**TASK BRIEF:**
Without the pictures, write the listing below out again, line for line.

### DATASET SECTION ###

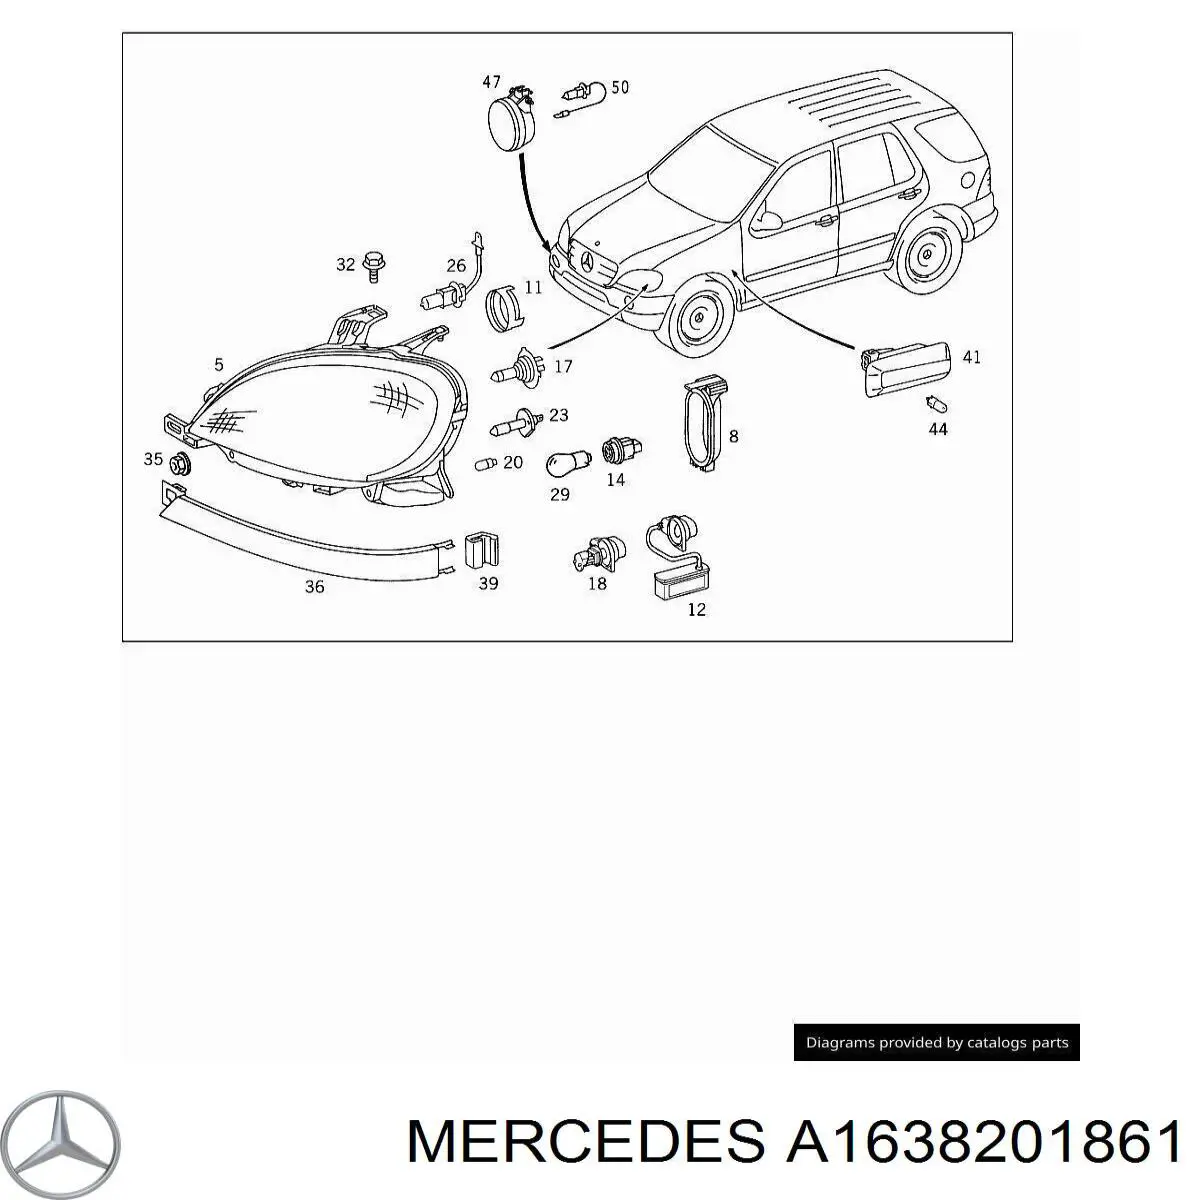 A1638201861 Mercedes faro derecho
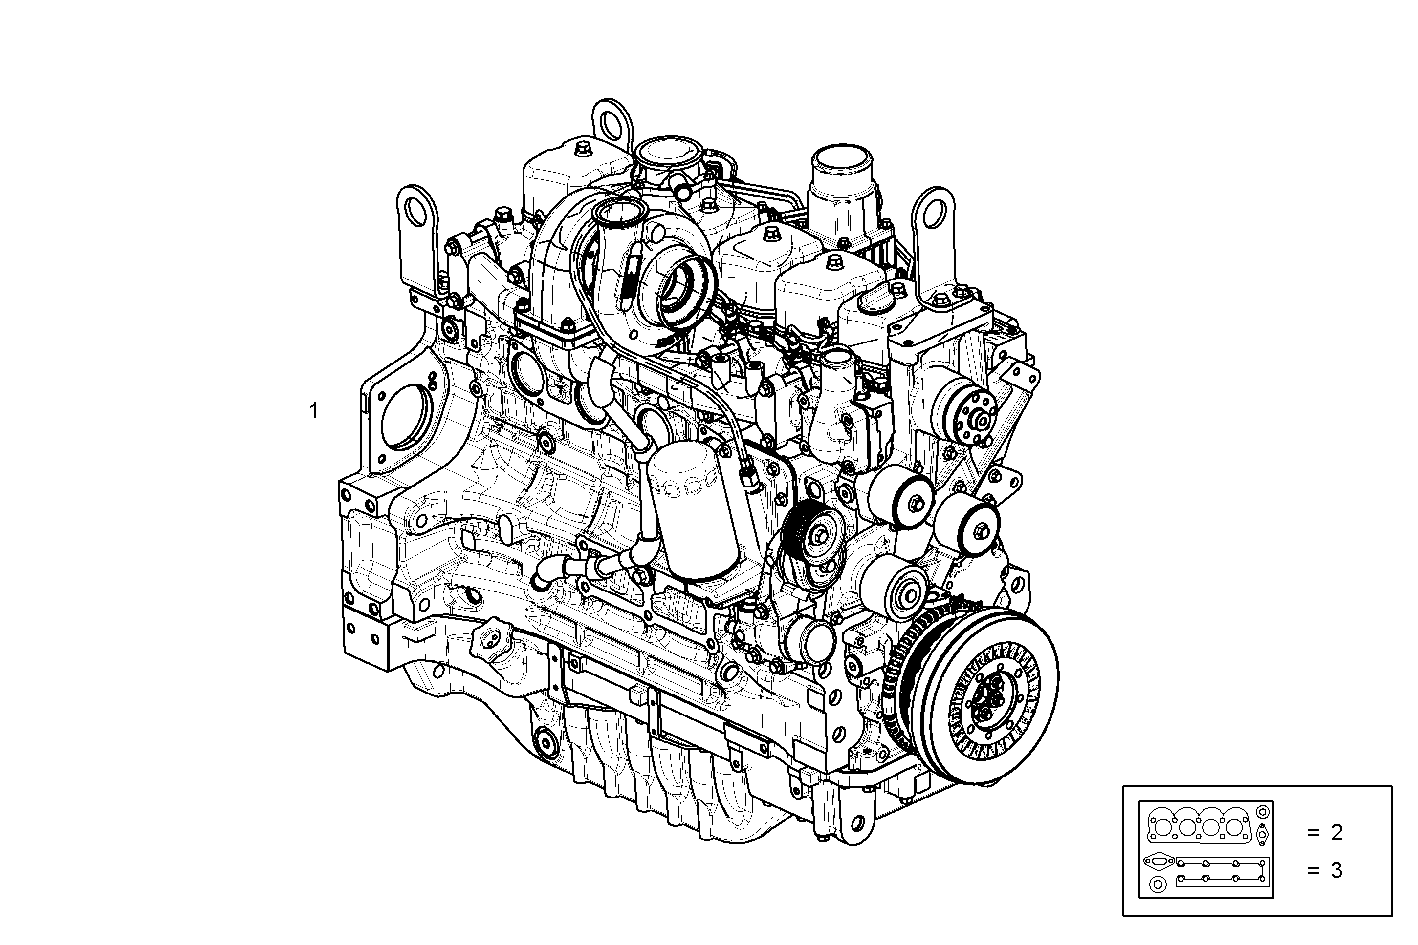 COMPLETE ENGINE
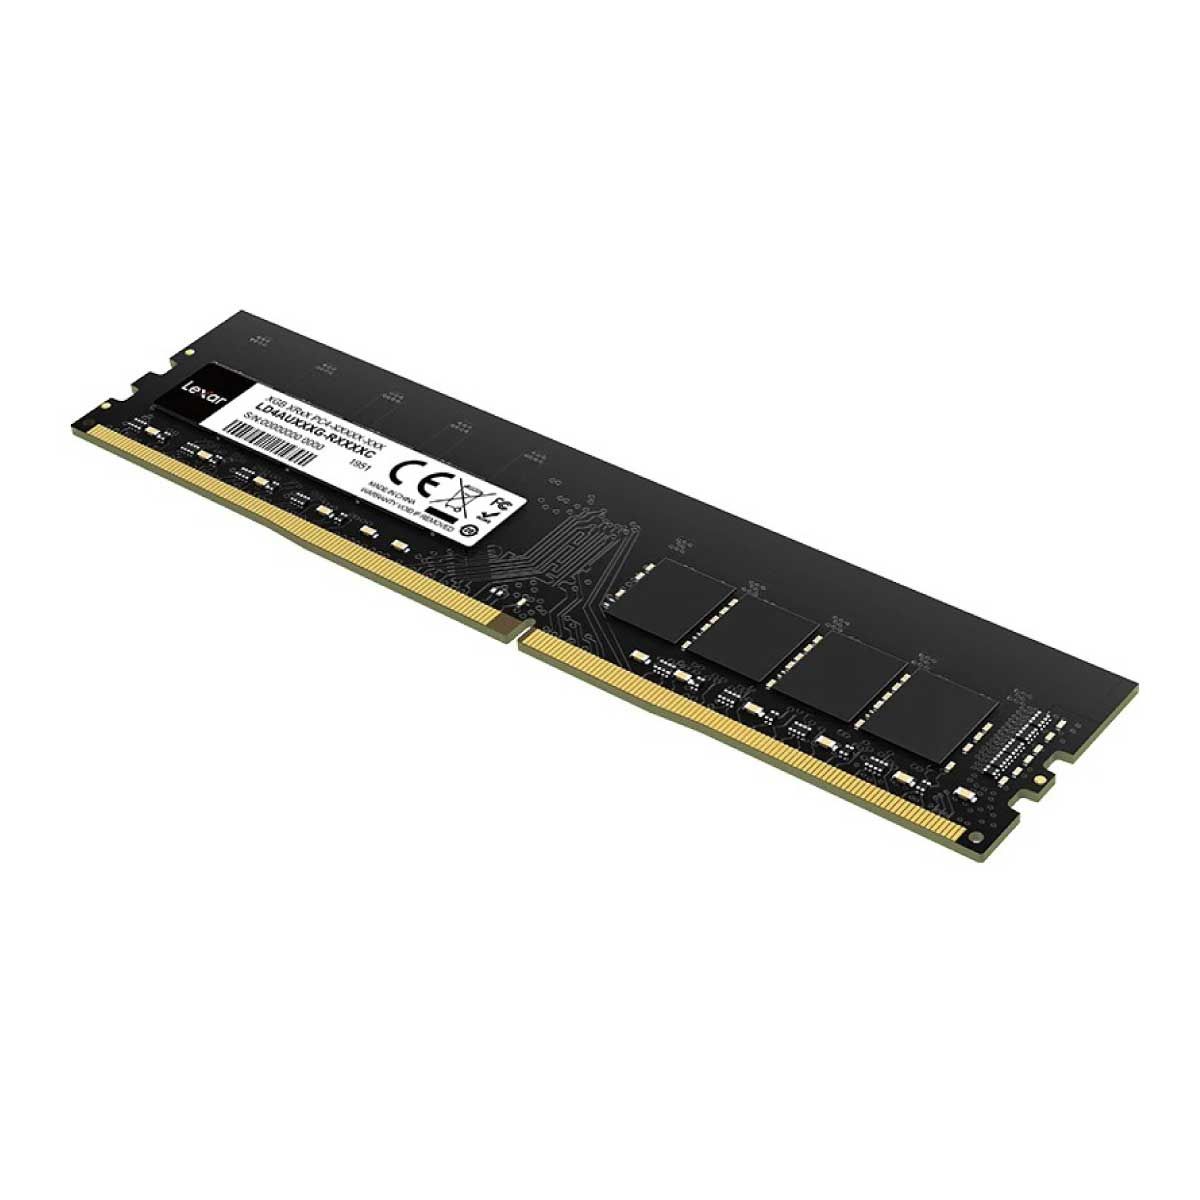 LEXAR DDR4-3200/2666 UDIMM DESKTOP MEMORY 4GB

###

**WRITTEN SOLUTION:**
 A1638201861 Mercedes faro derecho
 COMPLETE ENGINE
 LEXAR DDR4-3200/2666 UDIMM DESKTOP MEMORY 4GB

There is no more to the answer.